Studio album by Einstürzende Neubauten
- Released: February 10, 2004
- Recorded: August 2002 – June 2003
- Genre: Experimental; industrial;
- Length: 66:56
- Label: Mute
- Producer: Einstürzende Neubauten

Einstürzende Neubauten chronology
| Silence Is Sexy (2000) | Perpetuum Mobile (2004) | Alles wieder offen (2007) |

= Perpetuum Mobile (album) =

Perpetuum Mobile is the ninth full-length studio album by the industrial band Einstürzende Neubauten. It was released in 2004 on Mute Records.
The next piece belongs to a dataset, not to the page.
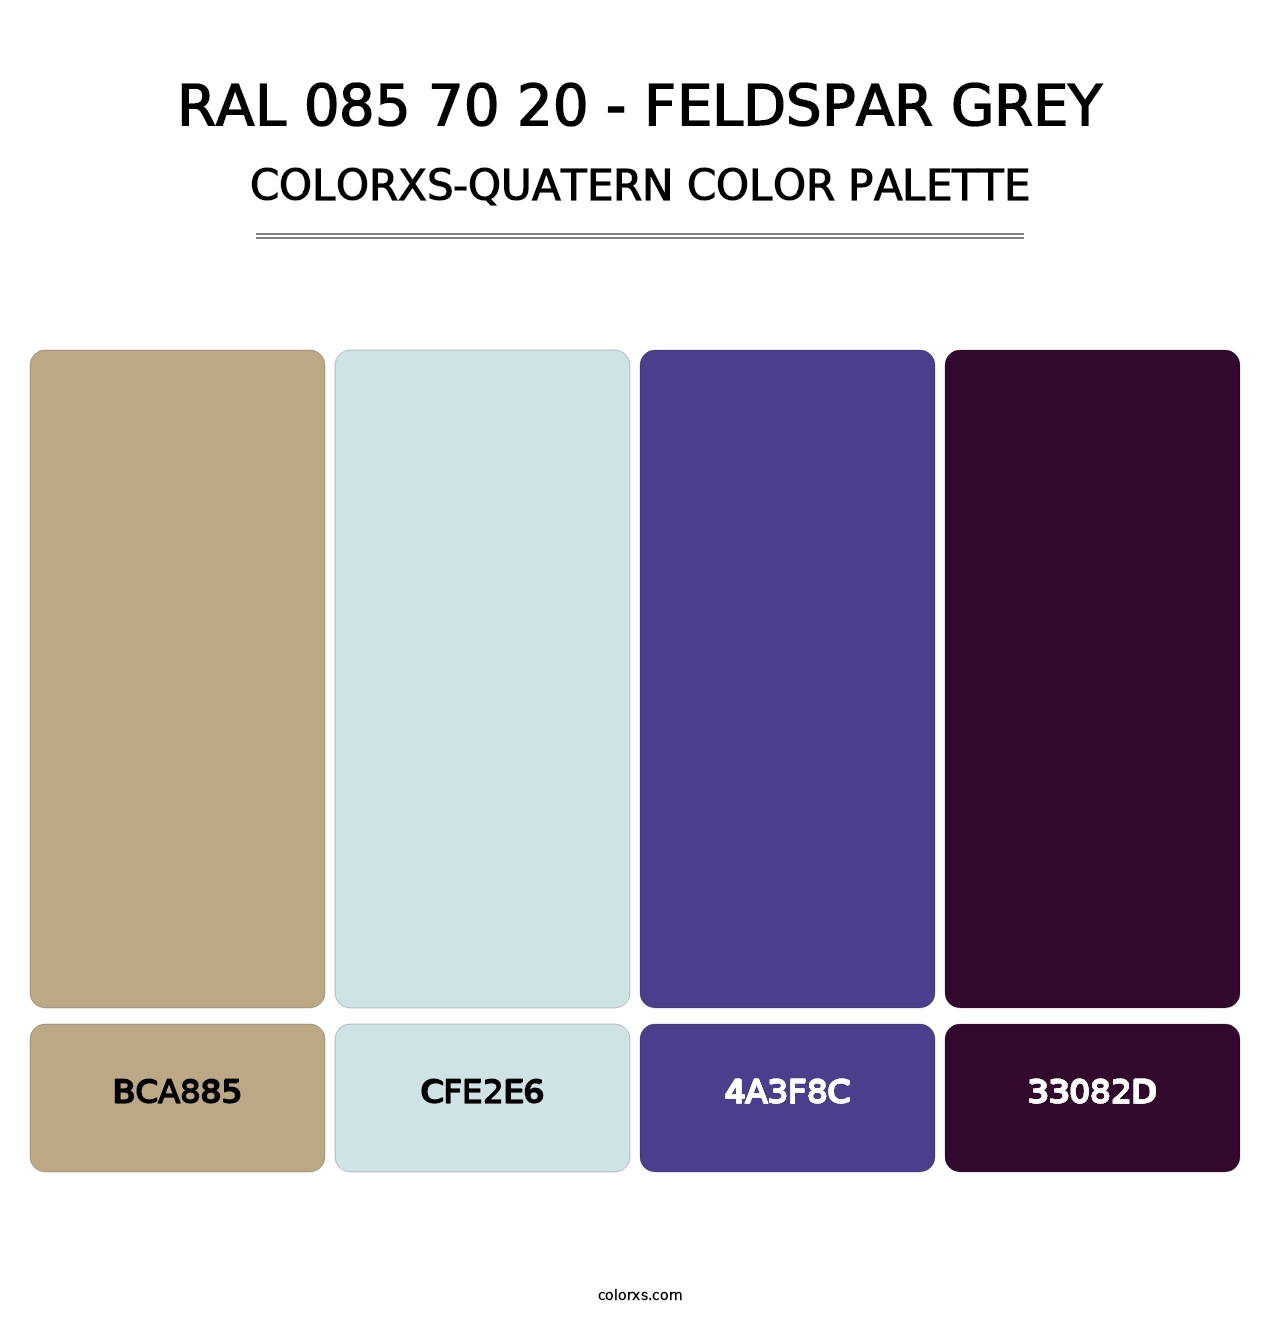 RAL 085 70 20 - Feldspar Grey - Colorxs Quatern Palette

The album is an offshoot of the band's first fans-only recording experiment, and was released in part to facilitate a world tour.

Professional ratings
Review scores
| Source | Rating |
| Allmusic |  |
| Pitchfork Media | (7.5/10) |
| The Guardian |  |

== Track listing ==
1. “Ich gehe jetzt” ("I am going now") – 3:31
2. “Perpetuum Mobile” ("Perpetual Motion") – 13:41
3. “Ein leichtes leises Säuseln” ("A Low, Light Murmur") – 4:31
4. “Selbstportrait mit Kater” ("Self-Portrait with Hangover") – 6:12
5. “Boreas” – 3:59
6. “Ein seltener Vogel” ("A Rare Bird") – 9:14
7. “Ozean und Brandung” ("Ocean and Surf") – 3:44
8. “Paradiesseits” ("Paradising") – 4:07
9. “Youme & Meyou” – 4:39
10. “Der Weg ins Freie” ("The Way into the Open") – 4:04
11. “Dead Friends (Around the Corner)” – 5:14
12. “Grundstück” ("Plot of land") – 3:41

== Themes ==
Perpetuum Mobile contains overarching references to its namesake perpetuum mobile (the musical term) and to perpetual motion (the physical concept). Other ideas include Boreas, Ararat (of note both for the Einstürzende Neubauten song "Armenia" and Mount Ararat), travel and airplanes, and rare birds.